Describe and monitor storage performance and methods of optimization

Jumbo Frames

Due to the additional network configuration required, Nutanix does not recommend configuring jumbo frames on AHV for most deployments. However, some scenarios such as database workloads using Nutanix Acropolis Block Services (ABS) with iSCSI network connections can benefit from the larger frame sizes and reduced number of frames. To enable jumbo frames, refer to the AHV Networking best practices guide. If you choose to use jumbo frames, be sure to enable them end-to-end in the desired network and consider both the physical and virtual network infrastructure impacted by the change.

Guest VM Performance – Basics

  • In hybrid clusters, AOS dynamically keeps “hot” data on SSD and “cold” data on HDD
  • Every VM has a “working set” of data that it is actively manipulating.
  • Key Point:
    • To maximize performance, all VM working sets must fit within the SSD Tier.

Storage Performance – Inline Compression The Nutanix Capacity Optimization Engine (COE)

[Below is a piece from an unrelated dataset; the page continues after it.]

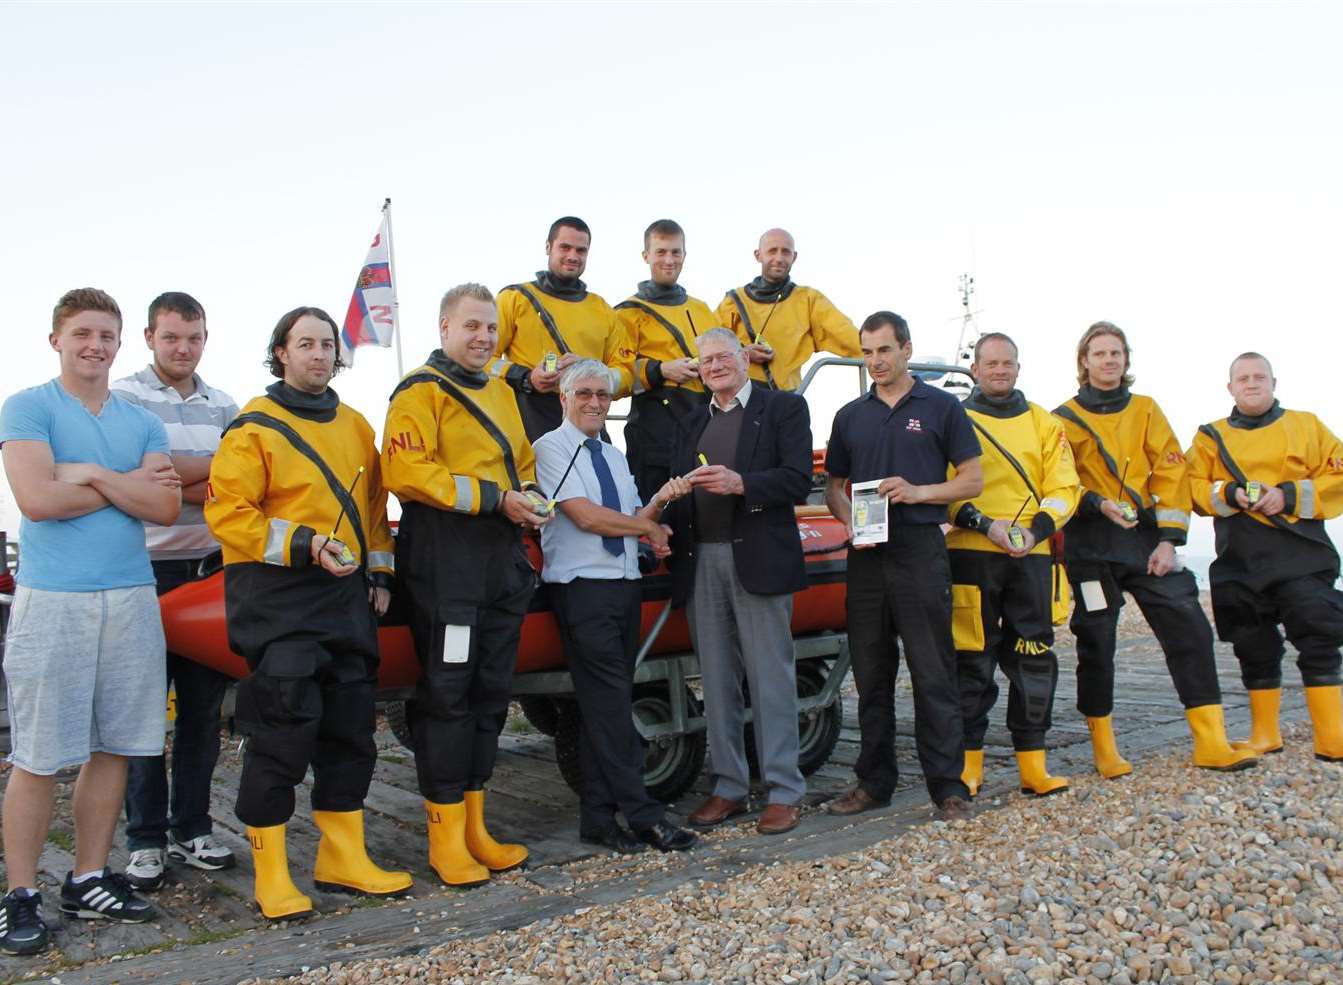 Lifeboat volunteers with their personal locator beacons funded by a donation in memory of a supporter of the station
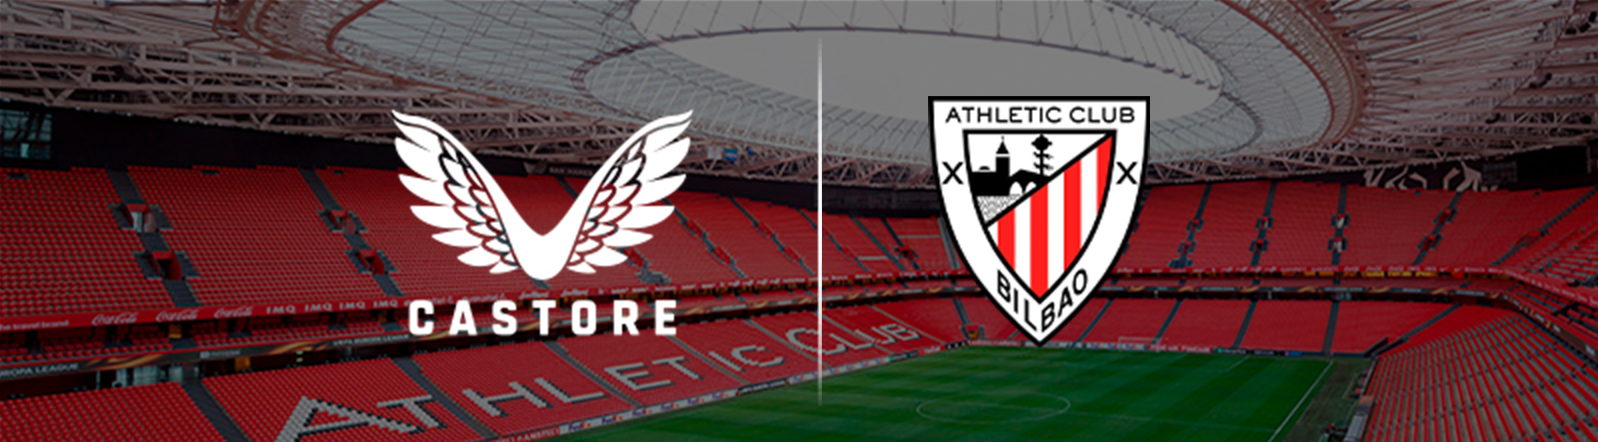 Castore secures multi-year kit partnership with Athletic Club

  • Writes are sequential when there is more than 1.5MB of outstanding write IO to a vDisk or an individual OP is > 64k.
    • Default oplog size is 6GB per vdisk
    • Compression = more oplog space per vdisk
  • When reading compressed data:
    • The compressed data is first decompressed in memory, then served to the hypervisor
    • Frequently-accessed data is decompressed in the extent store and then moves to the cache
  • Sequential Writes
    • Compressed during write to Extent Store
  • Random Writes
    • Any Oplog write op greater than 4k is compressed
  • Oplog Draining
    • Decompressed, then aligned and compressed at 32k unit size
  • RF Data
    • Compressed prior to transmission to other CVMs
  • Key Point:
    • Sequential write OPs DO NOT BYPASS SSD. They bypass Oplog
    • Other than space efficiency, there is no performance gain for post-process compression
storage performance

Storage Performance – Cache Deduplication – Nutanix Elastic Deduplication Engine

  • No background scans required to re-read data to generate fingerprints
    • Fingerprints are stored as part of the written block’s metadata
    • Reference counts are tracked for each fingerprint – fingerprints with low reference counts are discarded
    • Unified cache spans both CVM memory and a portion of SSD
storage performance

Verifying Storage Efficiency – Prism

  • Prism displays multiple data-reduction metrics on the Storage pane:
    • Data Reduction Ratio and Savings – What the cluster is saving with configured data-efficiency methods
    • Overall Efficiency – approximate efficiency possible with compression/dedup/EC enabled
storage performance

Cache Deduplication

  • Shows cache (DRAM) and SSD savings due to deduplication
storage performance

Verifying Storage Efficiency

curator_cli display_data_reduction_report

  • The curator_cli command on the CVM provides per-technique data reduction statistics.
    • This data is rolled up into the Capacity Optimization statistics in Prism
  • Data is compressed on ingest using the LZ4 algorithm.
  • As data ages, it is recompressed using the LZ4HC algorithm to provide an improved compression ratio.
    • Regular data – No read/write access for 3 days.
    • Snapshot data – No access in 1 day.